What to work on: For the entries below, repeat exactly each line starting with the one that contains "Un modèle est" and going on through the one that contains "Moulées en fibre de verre, les chaises sont", and no others.

Data supplied:
•••••

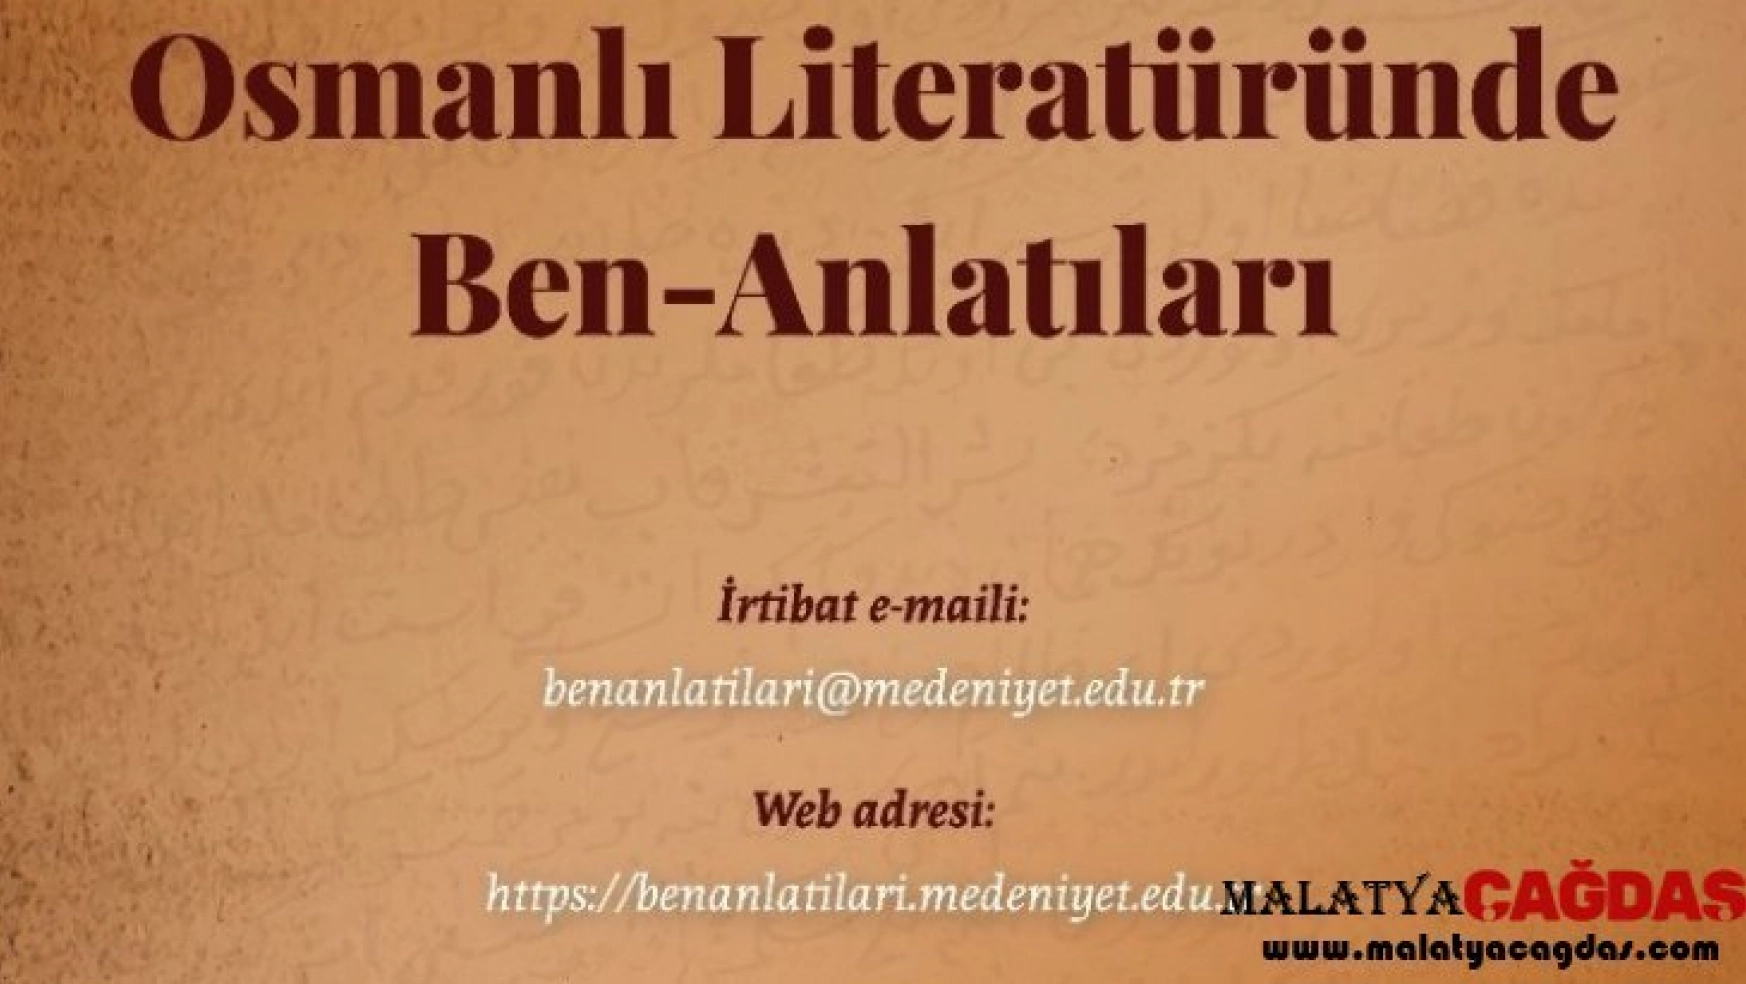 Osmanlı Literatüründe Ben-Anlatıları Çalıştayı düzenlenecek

•••••

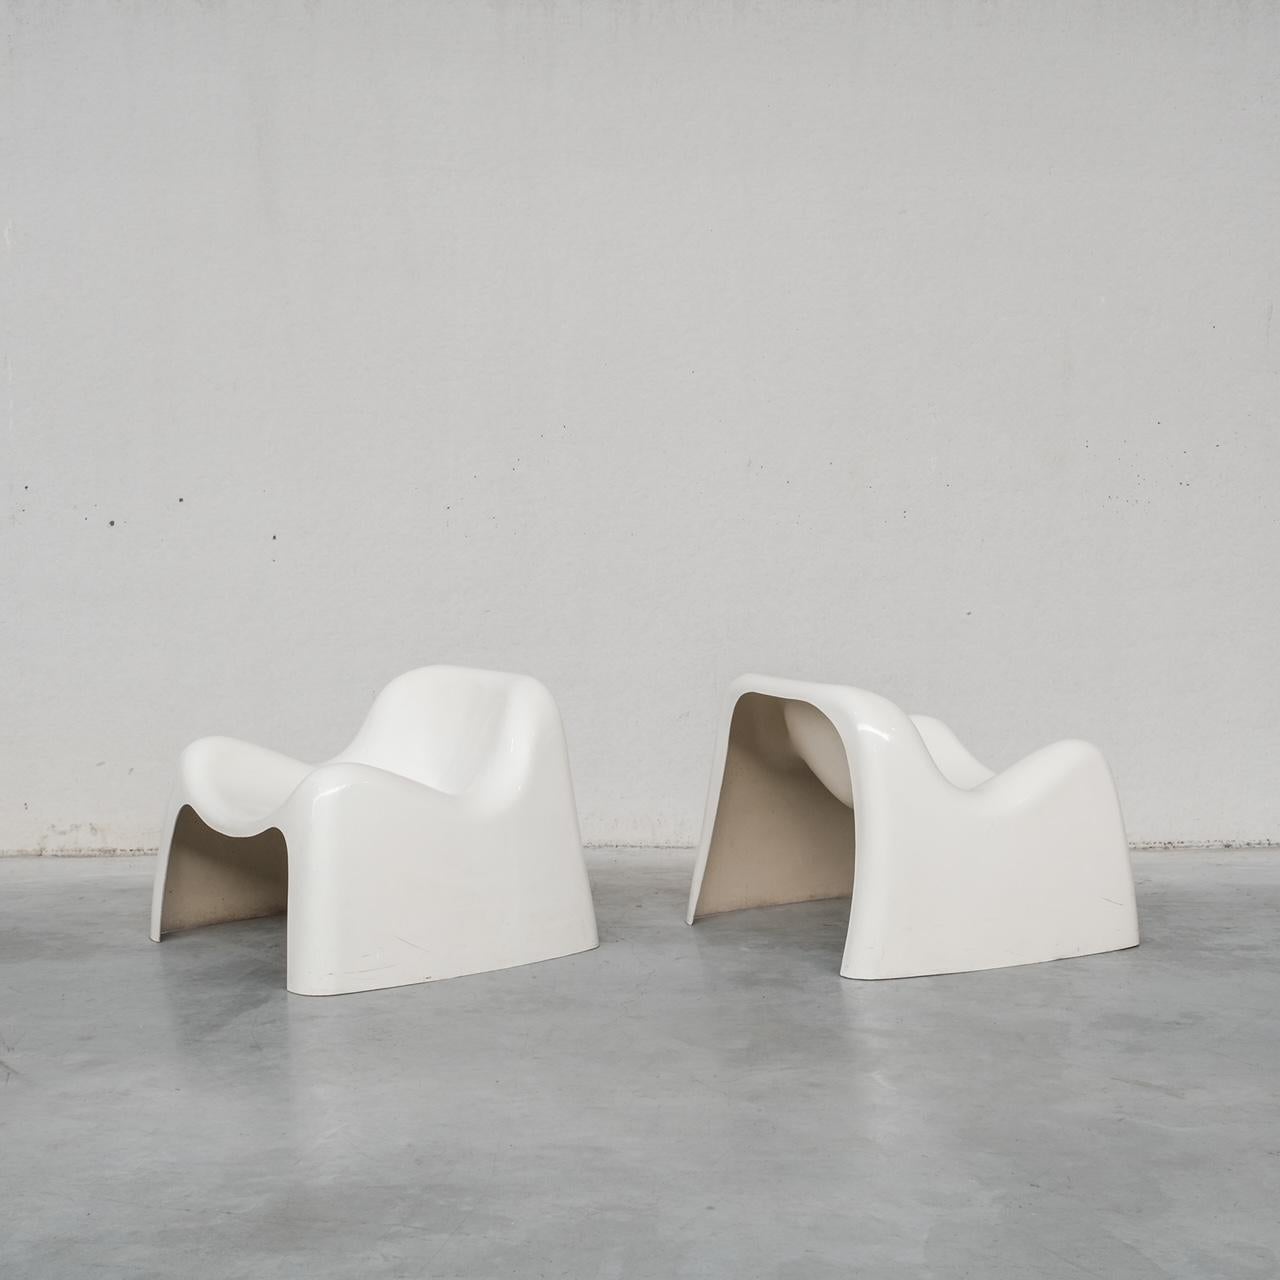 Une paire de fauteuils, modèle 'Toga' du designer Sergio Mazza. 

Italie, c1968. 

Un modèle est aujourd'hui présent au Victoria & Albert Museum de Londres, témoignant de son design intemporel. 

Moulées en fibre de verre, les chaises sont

•••••

Reply to the task:
Un modèle est aujourd'hui présent au Victoria & Albert Museum de Londres, témoignant de son design intemporel. 

Moulées en fibre de verre, les chaises sont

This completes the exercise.